Theresa
May’s high-stakes trade gamble
Britain
underestimates German resolve to preserve the single market.
By HANS VON DER
BURCHARD, SIMON MARKS AND CHRISTIAN OLIVER 1/19/17, 8:00 PM CET
Updated 1/20/17, 7:59 AM CET
U.K. Prime Minister
Theresa May is basing her trade strategy on a dangerous assumption.
Her plan to make a
clean break with the EU single market and the customs’ union in
2019 poses a grave threat to core British industries, ranging from
carmakers to sheep farmers, who will suddenly find themselves paying
high tariffs to export to Europe.
May’s big gamble
is that a deal can be done quickly to maintain privileged access for
important goods. Her economic logic is compelling: EU companies say
they are terrified about disruption to trade with the U.K. and want
to avoid tit-for-tat tariff disputes that could ramp up prices for
consumers on the Continent.
But this could be a
potentially fatal political miscalculation. Europe’s most powerful
policymakers — most critically in Germany — are willing to soak
up mid-term economic pain in order to preserve a 440-million person
single market.

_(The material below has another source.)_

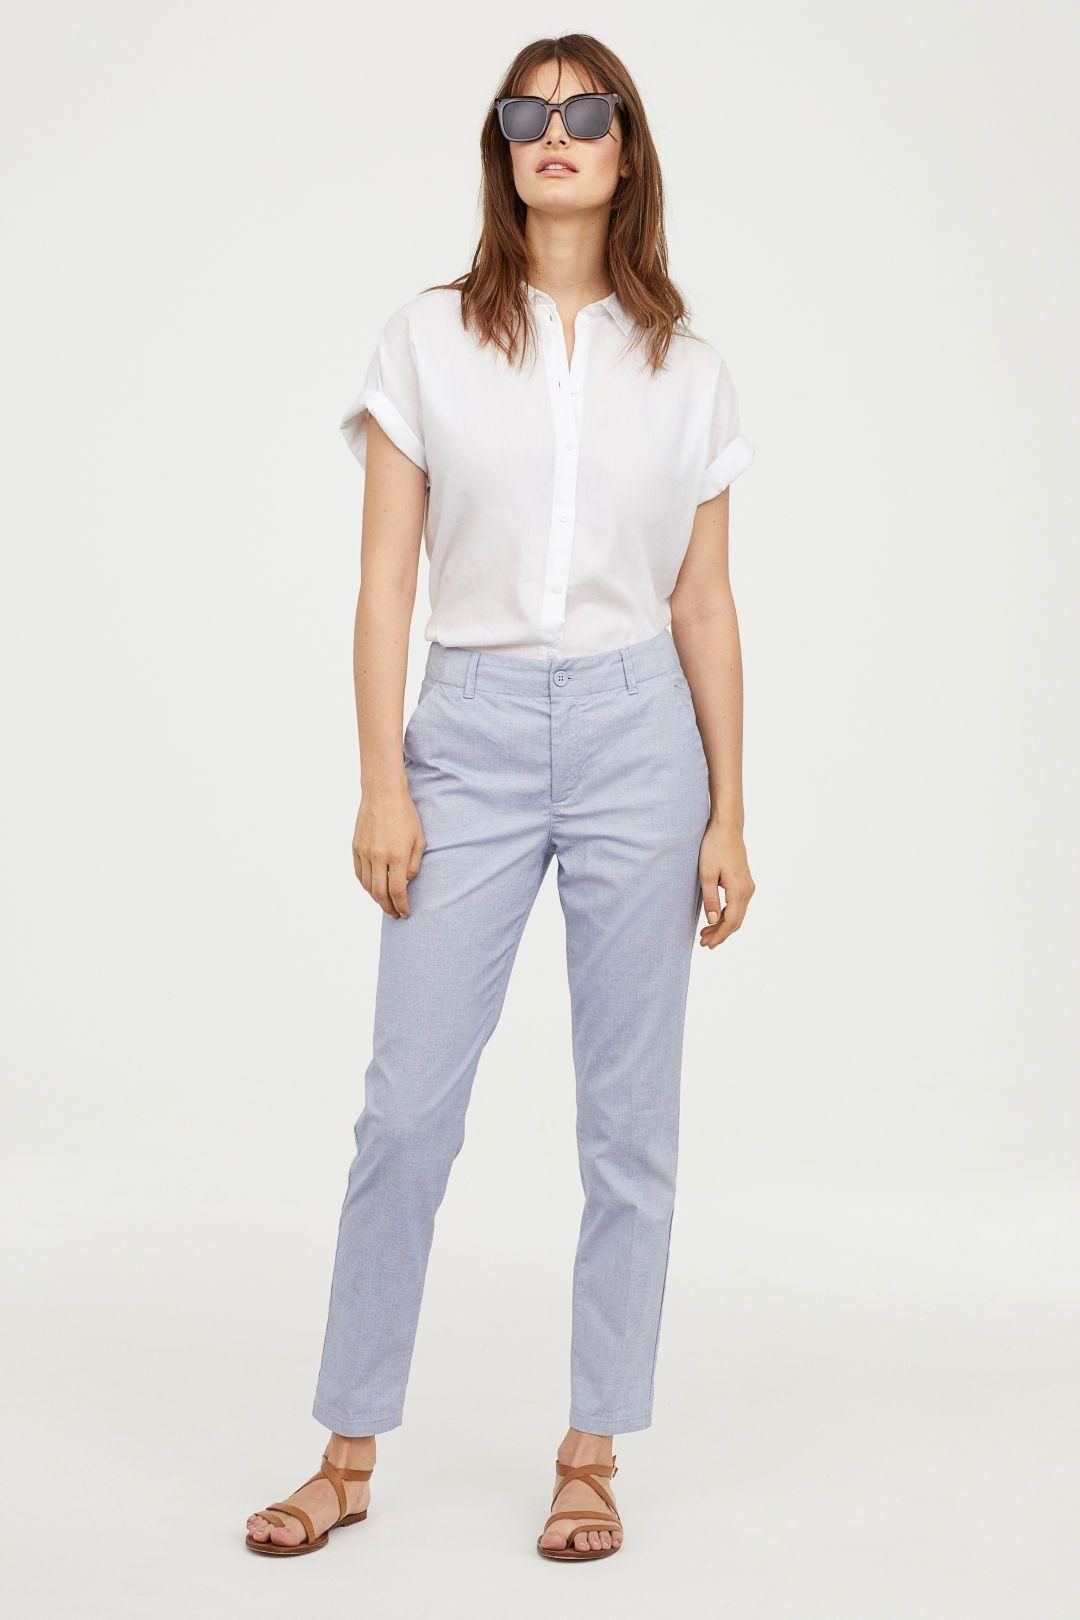 Cotton Chinos Dark Blue Ladies H M Us Chinos Women Outfit Chino Pants Women Khaki Pants Outfit Women

Ultimately, the single market is more important to
Germany than the U.K. is.
Volker Treier,
deputy chief of the influential German Chamber of Commerce (DIHK),
said German businesses were right behind Chancellor Angela Merkel
when she said that the U.K. could not “cherry-pick” its economic
relations with the EU.
“This would create
a dangerous precedent,” he said, arguing that such special
bargaining would boost populist movements across Europe and undermine
the single market.
“When it comes to
an ‘either-or’ situation, the integrity and further development
of the single market is clearly more important for German companies
than any possible damage to trade with the U.K.,” Treier added.
British politicians
pin many of their hopes for a tailor-made deal on their supposed
allies within Germany’s all-powerful car industry. Matthias
Wissmann, the head of the German car lobby VDA, does indeed fear that
May’s hard Brexit will be “arduous and expensive” for both
sides. But he played down hopes of a quick trade accord to
counterbalance it, arguing that it “will take years to wrap up new
agreements.”
Prosecco vs. fish
and chips
May’s problem is
that her ministers have almost certainly overestimated their
leverage. While about 45 percent of U.K. exports go to the EU, only
about 8 percent of exports coming from EU countries head to the U.K.
The imbalance was
laid bare by Italian Trade Minister Carlo Calenda at the end of last
year, when he recounted to Bloomberg TV one of his arguments with
British Foreign Secretary Boris Johnson. “[Johnson] said: ‘You’ll
sell less prosecco.’ I said: ‘OK, you’ll sell less fish and
chips, but I’ll sell less prosecco to one country and you’ll sell
less to 27 countries.’”
France’s Foreign
Minister Jean-Marc Ayrault has also repeatedly insisted that the U.K.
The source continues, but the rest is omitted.